Big Data-Module 1 - VTU July 2019 Solved Paper
Big Data-Module 1 - VTU July 2019 Solved Paper
Big Data-Module 1 - VTU July 2019 Solved Paper
Module -1
1. How does the Hadoop MapReduce Data flow work for a word count program? Give an
example.
Parallel execution of MapReduce requires other steps in addition to the mapper and
reducer processes.
The basic steps are as follows:
1. Input Splits:
HDFS distributes and replicates data over multiple servers. The default data
chunk or block size is 64MB. Thus, a 500MB file would be broken into 8 blocks
and written to different machines in the cluster.
The data are also replicated on multiple machines (typically three machines). These
data slices are physical boundaries determined by HDFS and have nothing to do
with the data in the file. Also, while not considered part of the MapReduce process,
the time required to load and distribute data throughout HDFS servers can be
considered part of the total processing time.
The input splits used by MapReduce are logical boundaries based on the input data.
2. Map Step:
The mapping process is where the parallel nature of Hadoop comes into play.
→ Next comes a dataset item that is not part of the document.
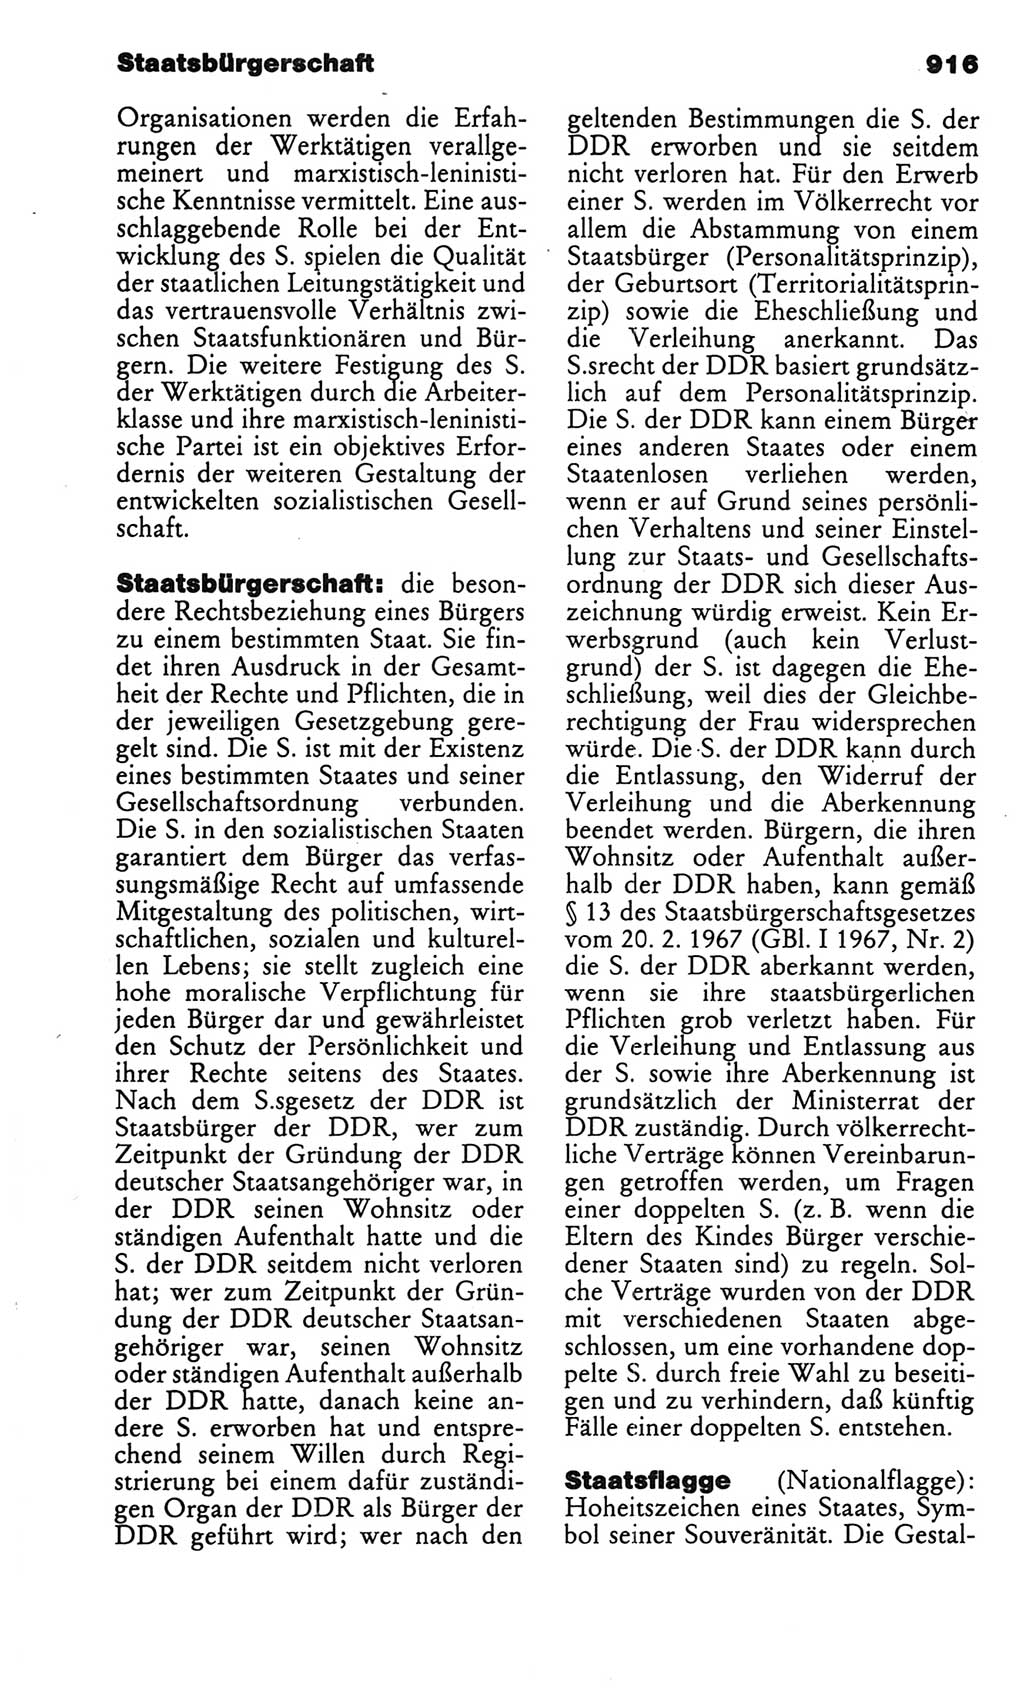 Kleines politisches Wörterbuch [Deutsche Demokratische Republik (DDR)] 1986, Seite 916 (Kl. pol. Wb. DDR 1986, S. 916)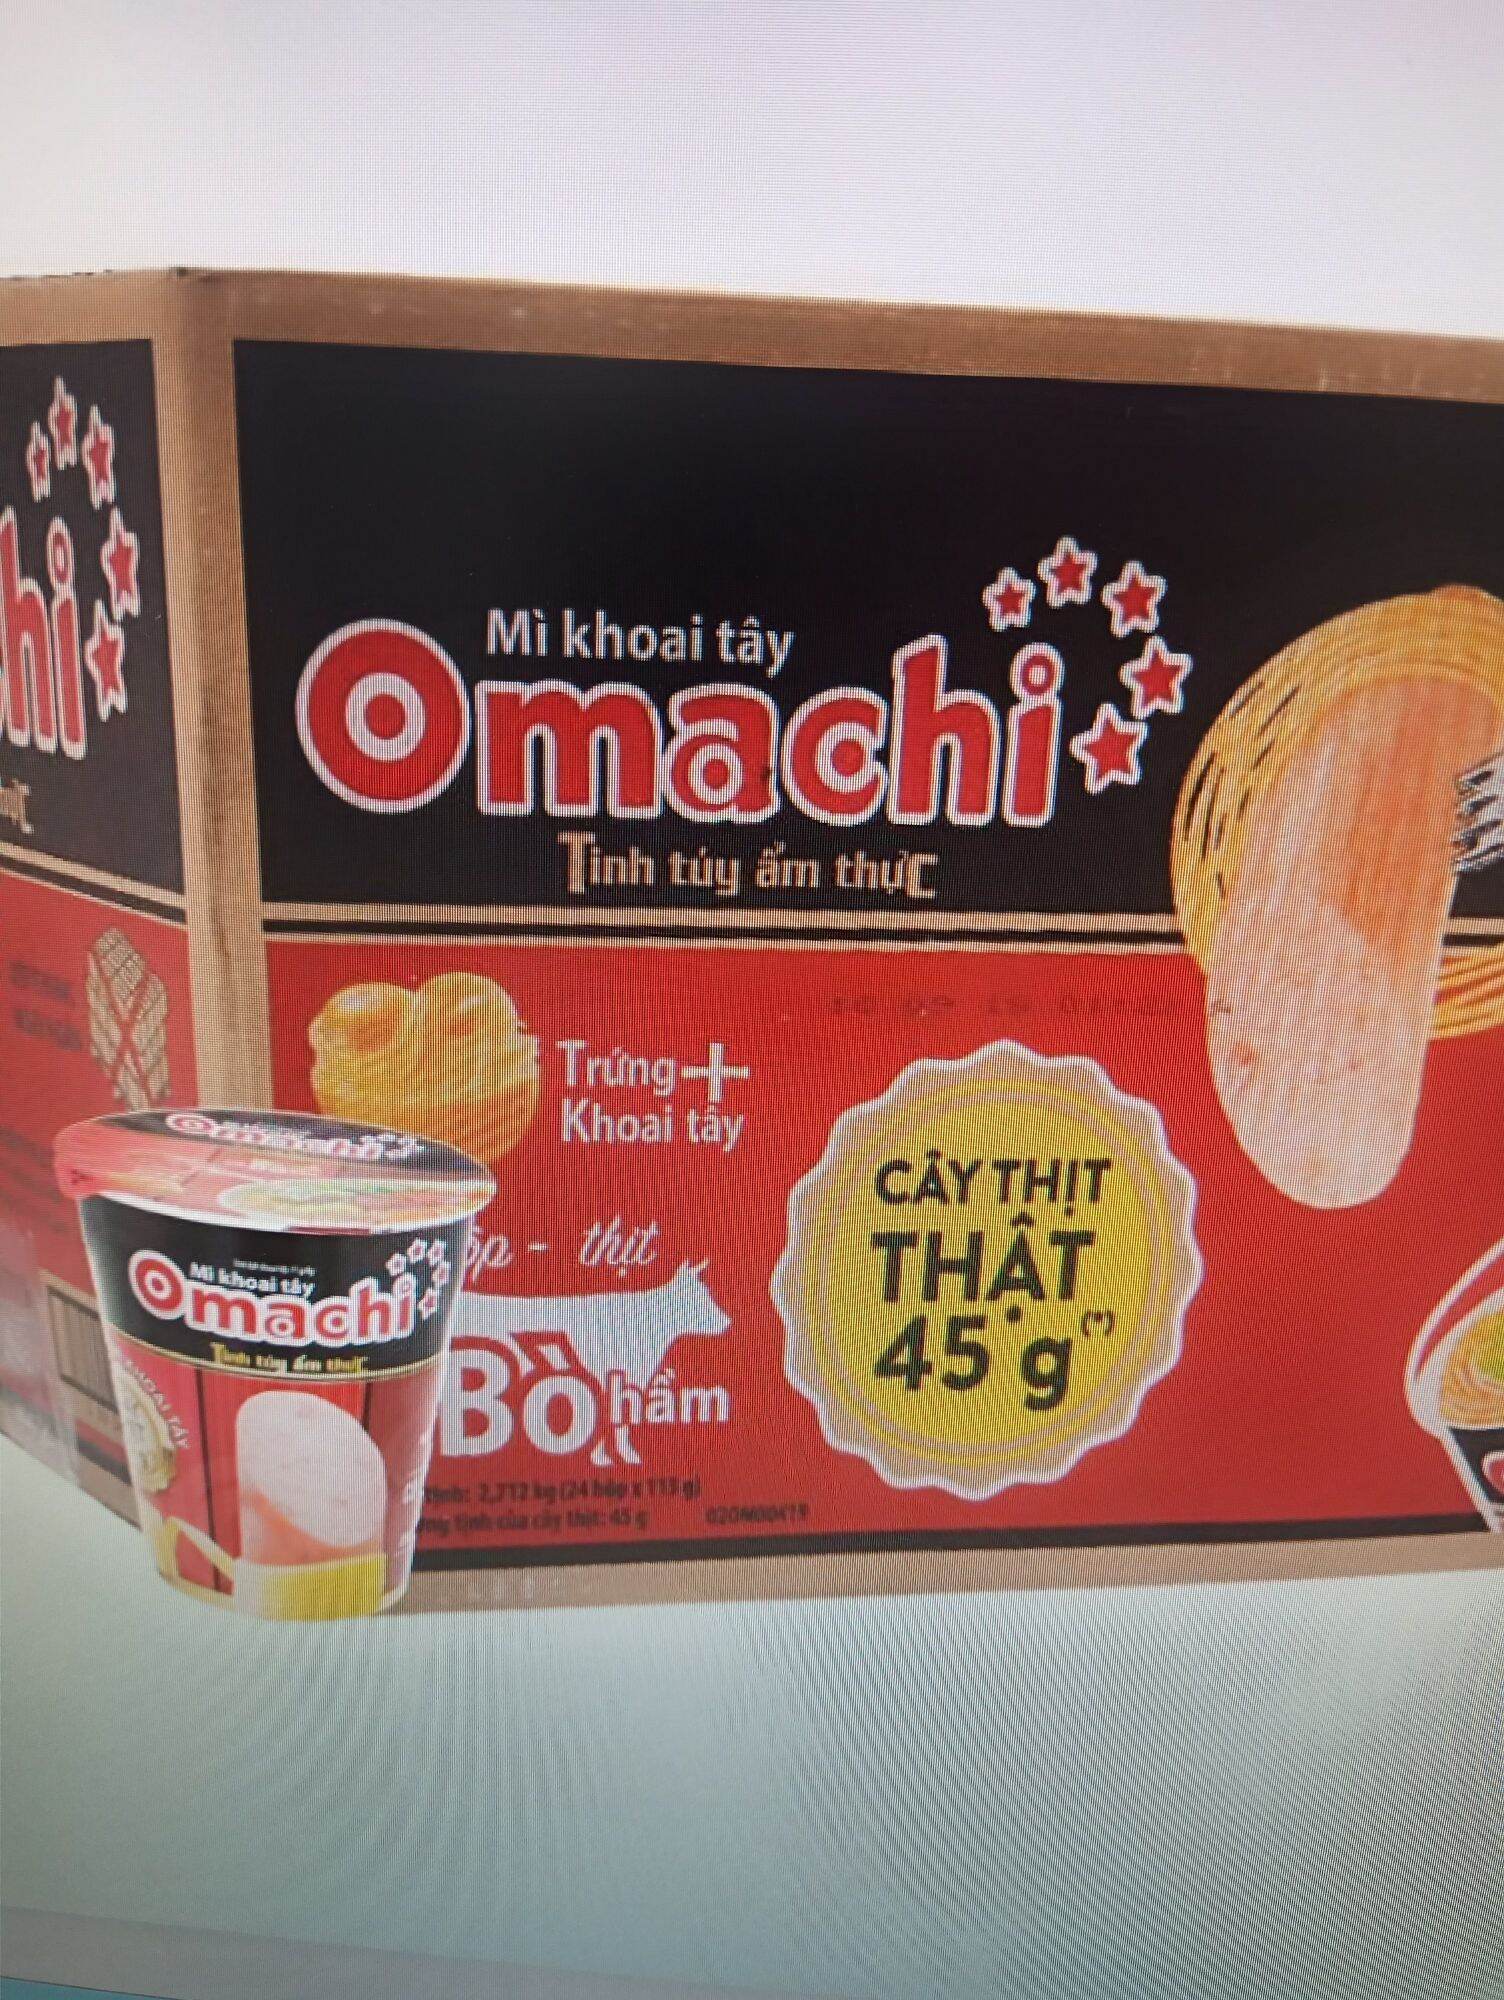 Mì omachi sốt bò hầm sườn hầm ngũ quả tôm chua cay  có cây thịt 45g bên - ảnh sản phẩm 3

For
large amounts of data, many mappers can be operating at the same time.
The user provides the specific mapping process. MapReduce will try to execute the
mapper on the machines where the block resides. Because the file is replicated in
HDFS, the least busy node with the data will be chosen.
If all nodes holding the data are too busy, MapReduce will try to pick a node that is
closest to the node that hosts the data block (a characteristic called rack-awareness).
The last choice is any node in the cluster that has access to HDFS.
3. Combiner Step:
It is possible to provide an optimization or pre-reduction as part of the map stage
where key–value pairs are combined prior to the next stage. The combiner stage is
optional.
Page 1
Big Data Analytics, June/July 2019 Module 1
4. Shuffle Step:
Before the parallel reduction stage can complete, all similar keys must be combined
and counted by the same reducer process.
Therefore, results of the map stage must be collected by key–value pairs and shuffled
to the same reducer process.
If only a single reducer process is used, the shuffle stage is not needed.
5. Reduce Step:
The final step is the actual reduction. In this stage, the data reduction is performed as
per the programmer’s design.
The reduce step is also optional. The results are written to HDFS. Each reducer will
write an output file.
For example, a MapReduce job running four reducers will create files called part-
0000, part-0001, part-0002, and part-0003.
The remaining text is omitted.